NUR-SULTAN (TCA) — Dozens of Kazakh opposition and civil rights activists have gathered in the center of the capital, Nur-Sultan, and the country’s biggest city, Almaty, to call for more rights and demand that all political prisoners be released, RFE/RL’s Kazakh Service reports.
More than 100 people are protesting in Almaty and dozens more in Nur-Sultan on December 16, Kazakhstan’s Independence Day.
The date also coincides with the 33rd anniversary of mass anti-Soviet demonstrations in Kazakhstan’s former capital, Almaty, and the eighth anniversary of a deadly police crackdown against protests by oil workers in the southwestern town of Zhanaozen.
The protesters in Almaty and Nur-Sultan chanted slogans such as, “Wake up, Kazakhstan.”

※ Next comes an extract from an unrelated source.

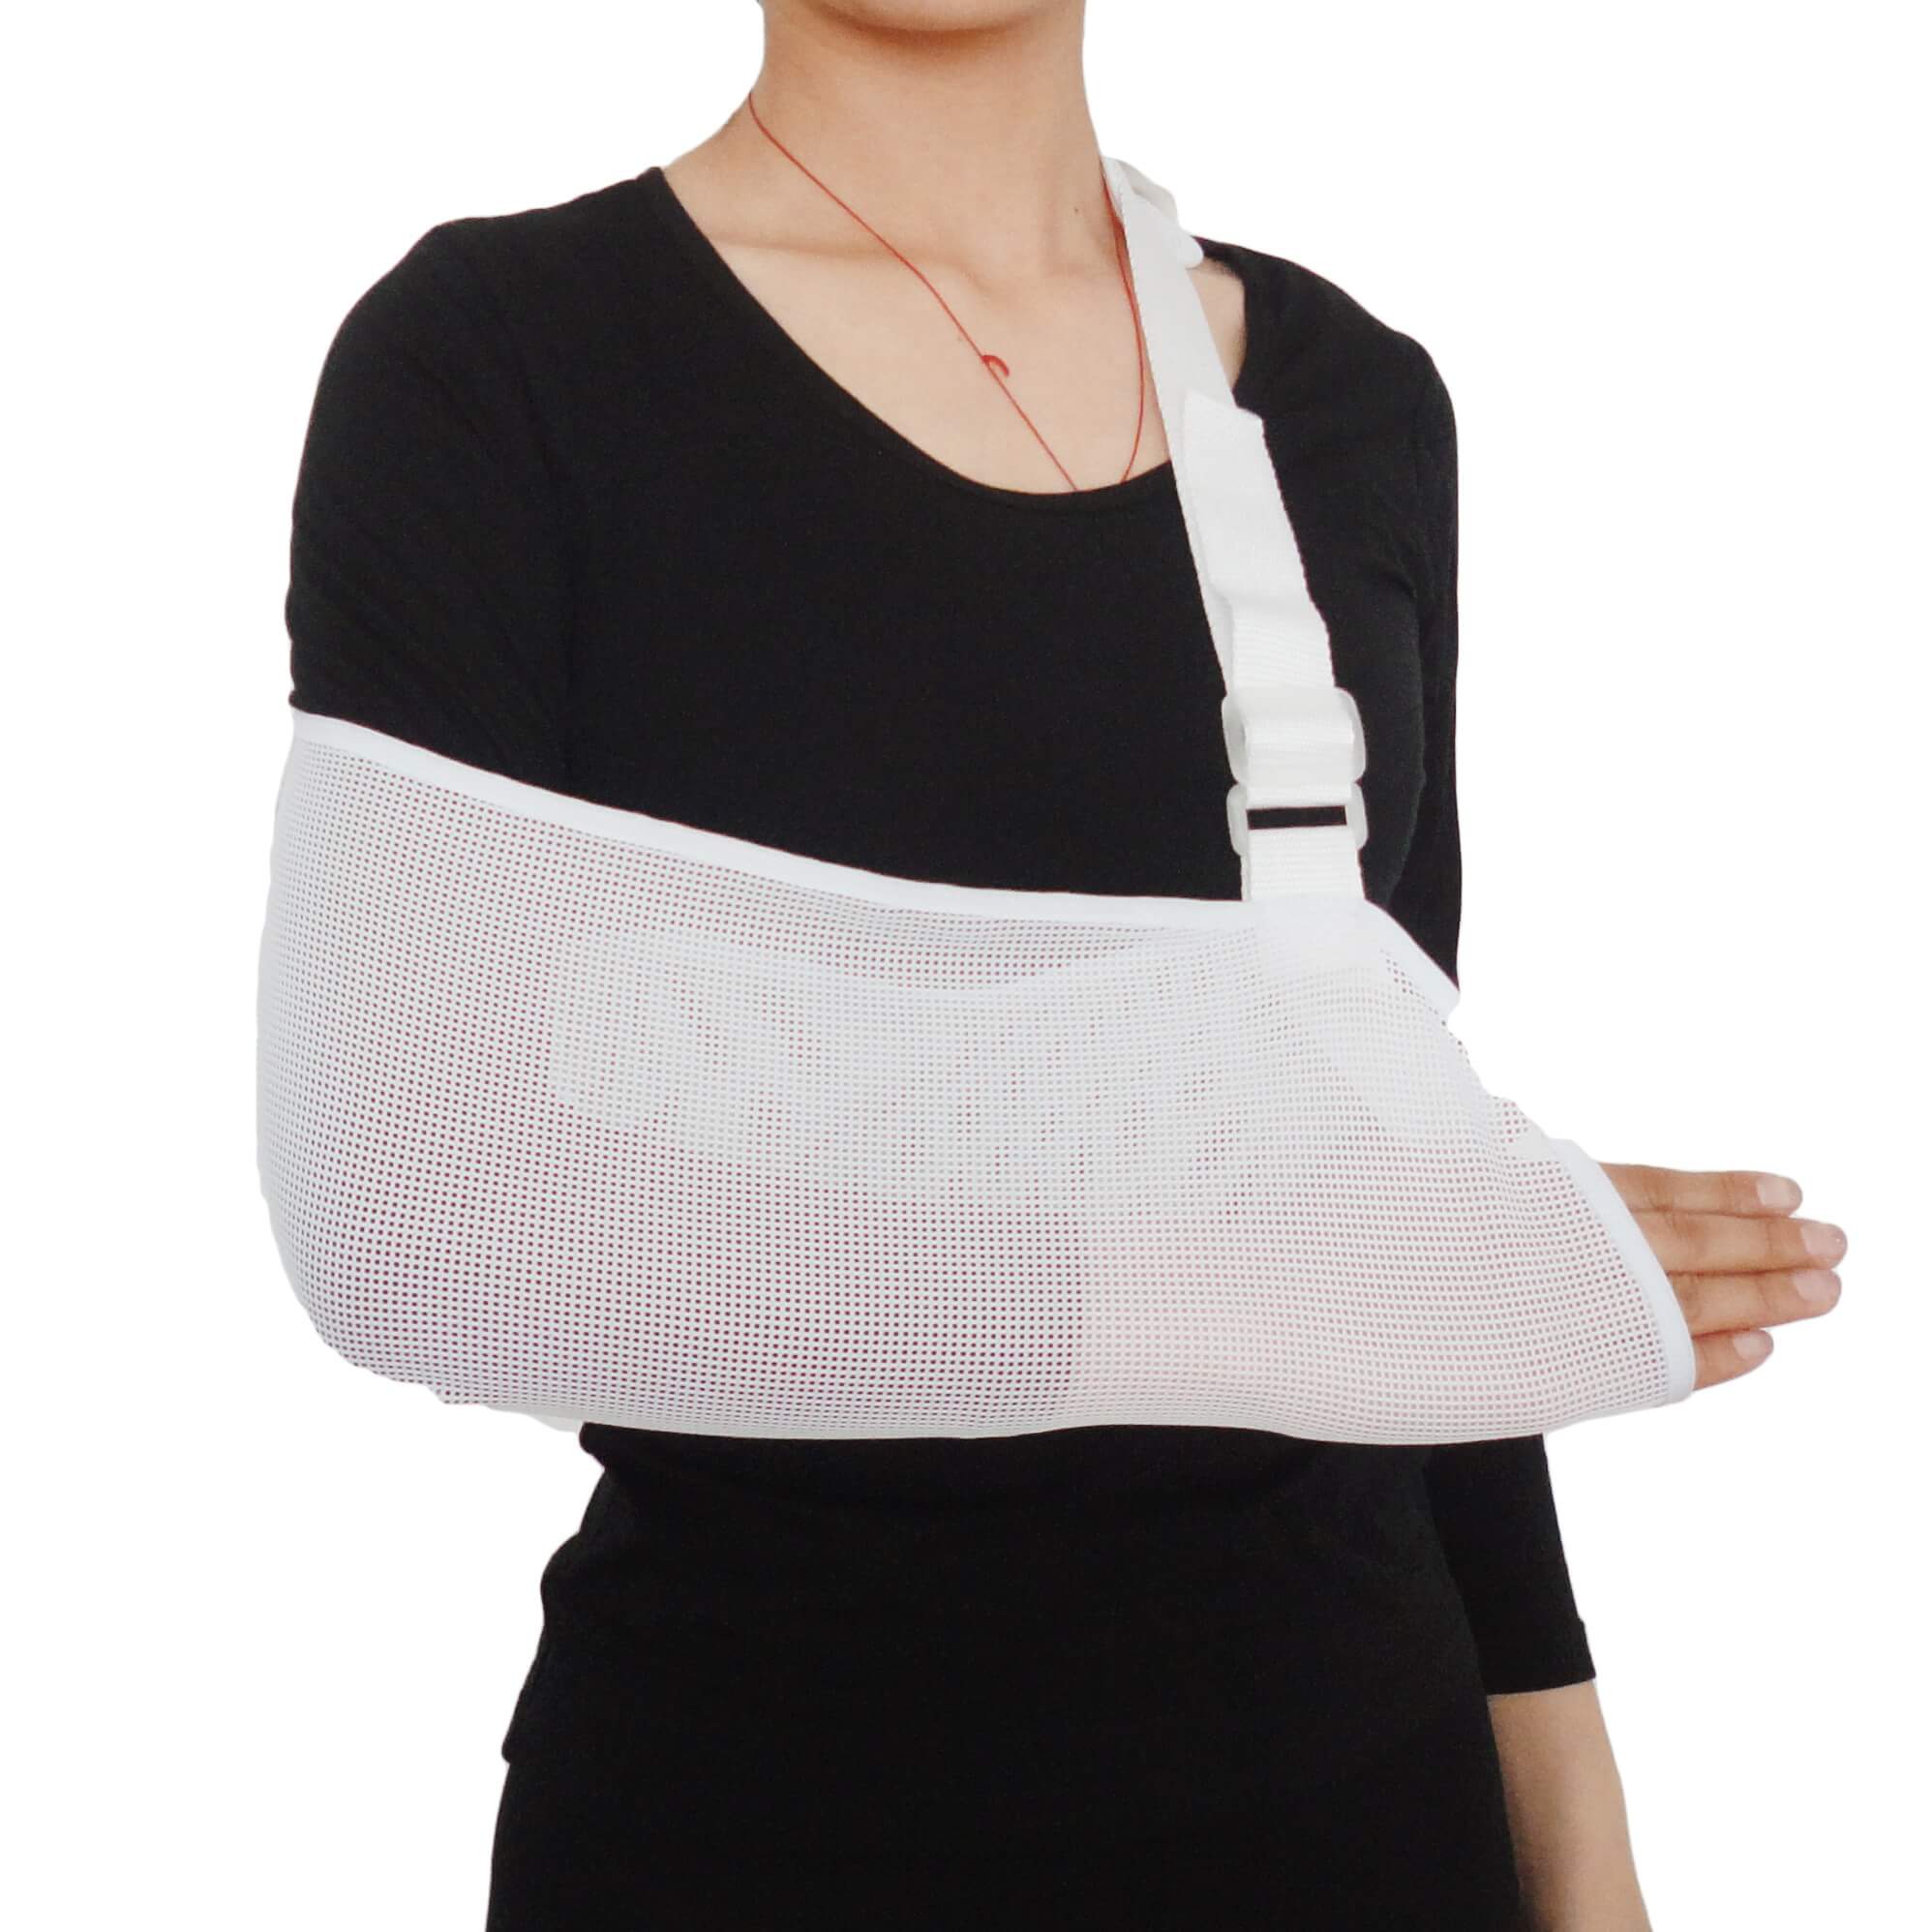 Single layer mesh arm sling shoulder support

Local officials called on the demonstrators to stop the rallies, saying they were unsanctioned.
About a dozen people, including journalists, were detained by police across Kazakhstan ahead of the demonstrations.
The opposition Democratic Choice of Kazakhstan (DVK) movement established by Mukhtar Ablyazov, a fugitive tycoon and opposition politician, had announced plans to organize rallies in the two cities and elsewhere in Kazakhstan.
A court in Kazakhstan has banned the DVK movement, branding it an extremist organization.